Let’s break these results into three sections. The first two sections are divided by a millisecond timeline. Here’s the top section: the Overview.
If we put too much strain on our server or our bitrate limit is too low, we risk dropping frames. This means that a user might experience choppy transitions or scrolling as they navigate our site during times of high stress. On weather.com, we can see that there are some instances where FPS is high, but in general the performance is steady.
At the very top, we see some pink bars with red highlights. Those highlights are flags for long tasks, bottlenecks, or other issues we might want to investigate. Finally, at the very bottom, we see images that will show a screenshot of the webpage at the point of the timeline.

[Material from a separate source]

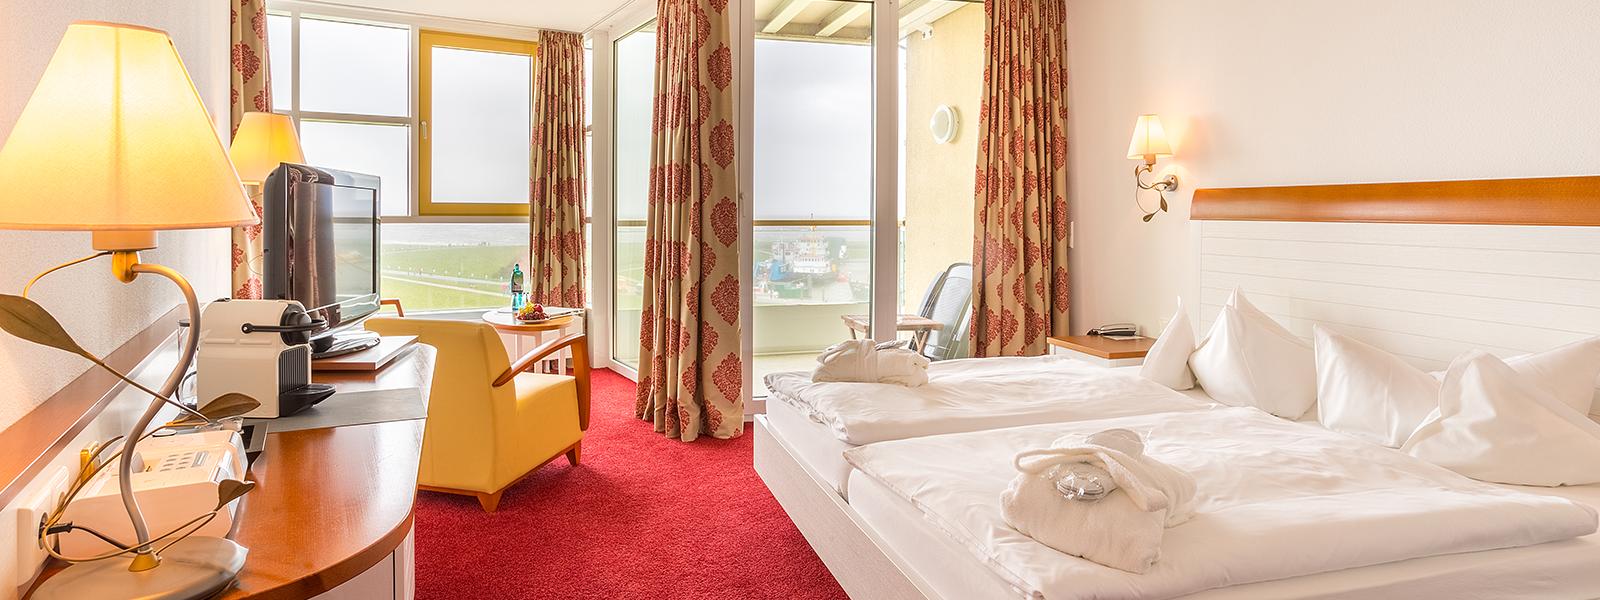 Blick ins Hotelzimmer im Westdeck mit Doppelbett und Sitzgelegenheit

There’s a ton of data in the Overview and it’s compressed such that it’s impossible to actually see details about it. That’s why we have the second section, or the Main section. Here, we can see details about our Main thread (and a lot of other processes, as well:
If we open the Main tab, we’ll be able to see all the JS processes and call stacks going on at a specific moment of the page load. They are organized in a “flame chart,” so named because they create columns that look like flames (ours is upside down). In this chart, rows of the same color are related and the top-most row causes the next row to run. The length of the bar shows how long it took to complete the process. Processes get shorter as the chart gets deeper because as they complete, their parent process completes until the original function call is finally resolved.

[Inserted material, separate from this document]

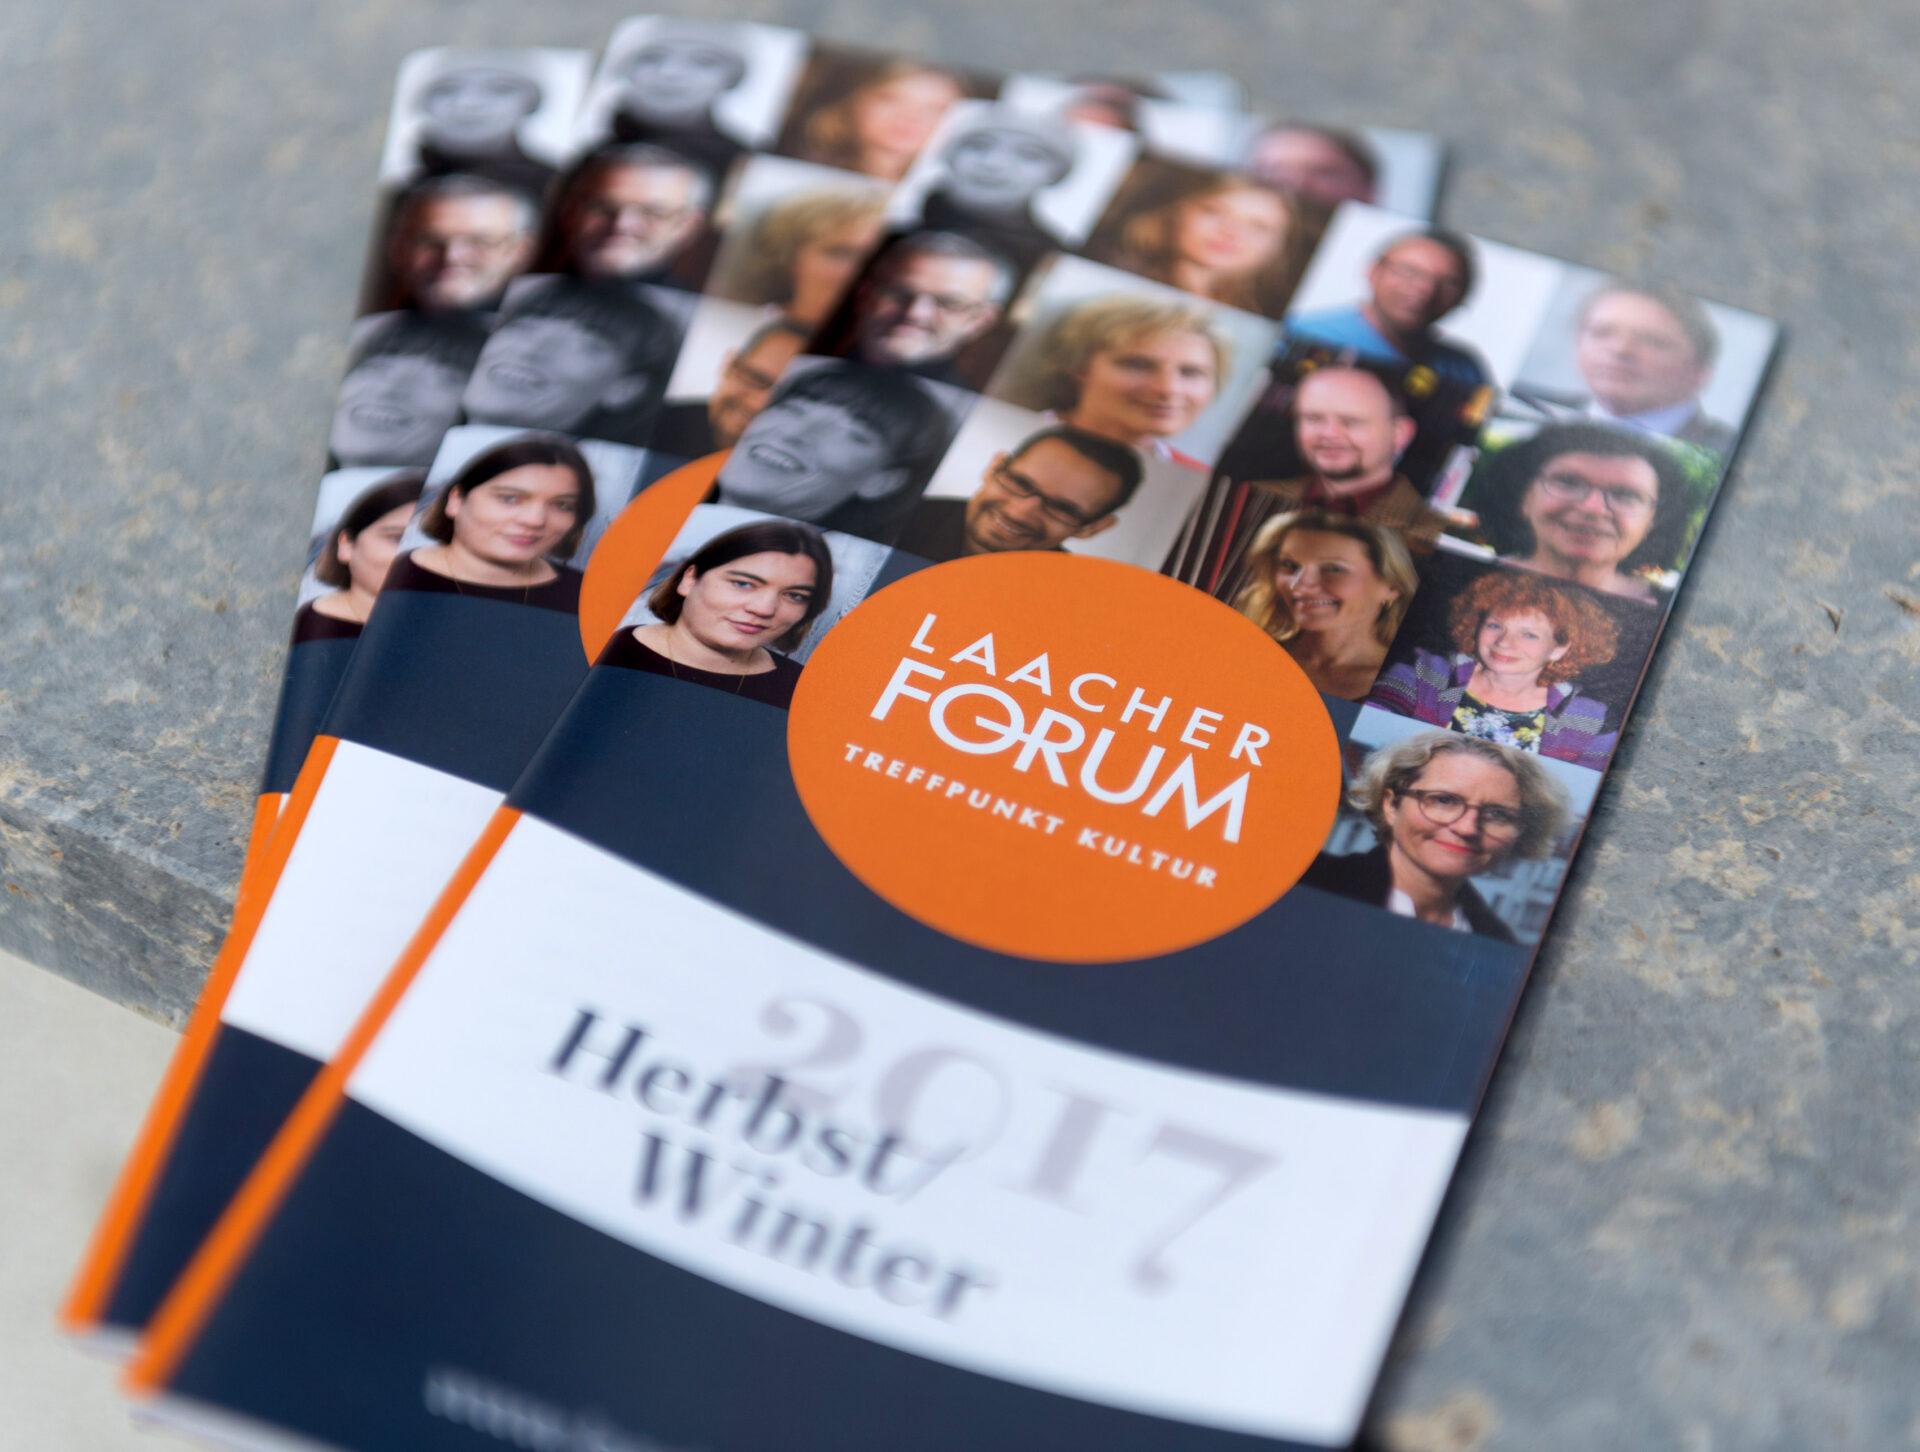 Laacher Forum Programmheft

We don’t get full transparency, especially since the JS has likely been minified, but if we’re code authors we should be able to recognize some of our tasks and see whether or not they are, for example, causing long load times. We can even see where generic events like DOMContentLoaded occur.
Clicking onto any of these bars will provide additional information in the lowest section of our DevTools display: the Summary section. Here we’ll see the time it took for a function to run, where the function was called, and a breakdown of the runtime. In our original screenshot, we saw a summary breakdown of processes for the entire page load.

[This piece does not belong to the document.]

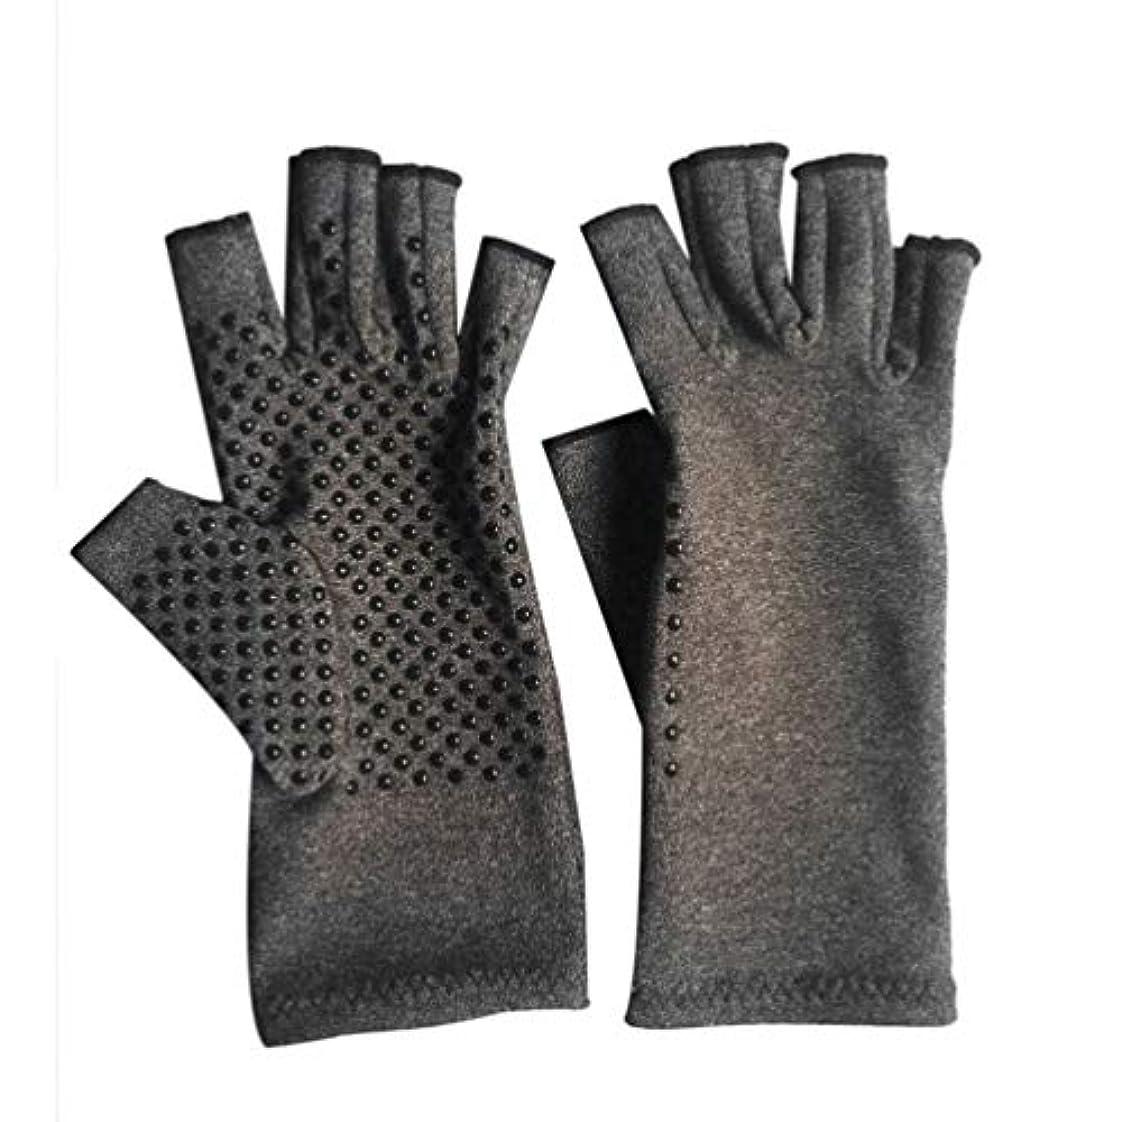 韓国民間パス1ペアユニセックス男性女性療法圧縮手袋関節炎関節痛緩和ヘルスケア半指手袋トレーニング手袋 - グレーM

If we want to see the data on our JS processes in a different format, we can use the Bottom-Up tab. This shows a list of the functions from any process in order from longest to shortest so that we can identify parts of our site that might be causing latency. Call Tree displays the functions as parents and children, showing who called what. Event Log shows all the processes in the order they occurred.
So now that we know what everything means, how might we go about using it? I searched through the weather.com results for anything that wasn’t minified and found this:
It looks like, around 3.5 seconds after our page started loading, we called a function called startCMTagMain. Since most other function calls I’d seen on this page were anonymous, I assumed this was coming from a third party script. I checked the HTML and indeed, there’s a script that mentioned cmTag:
A bit more research taught me that Taboola is a marketing service that serves ads on websites. Sure enough, there were a few of those on weather.com! That makes sense considering we’re seeing some appendChild calls made close to the bottom of our flame chart.
If I were actually working on this site, I likely would have already known all this without having to do any detective work, but I might still examine this part of the load process to see if Taboola’s script is creating any latency on my site. It looks like the entire task that calls startCMTagMain takes about 60 ms. Anything longer than 50 ms qualifies as a “Long task,” but according to that web.dev documentation, the idea there is to prevent perceptible lag on user input. If this process is simply appending ads onto the bottom of the webpage, I have a feeling that an extra 10 ms wouldn’t be the cause of any issue.
Making use of the Performance feature can require a lot of knowledge about the code we’re reviewing. Without that, we’re examining a bunch of anonymous functions and painting processes. Still, it’s helpful to learn a new tool and be prepared to wield it for future debugging. It’ll be exciting when we can finally use it to solve a problem of our own!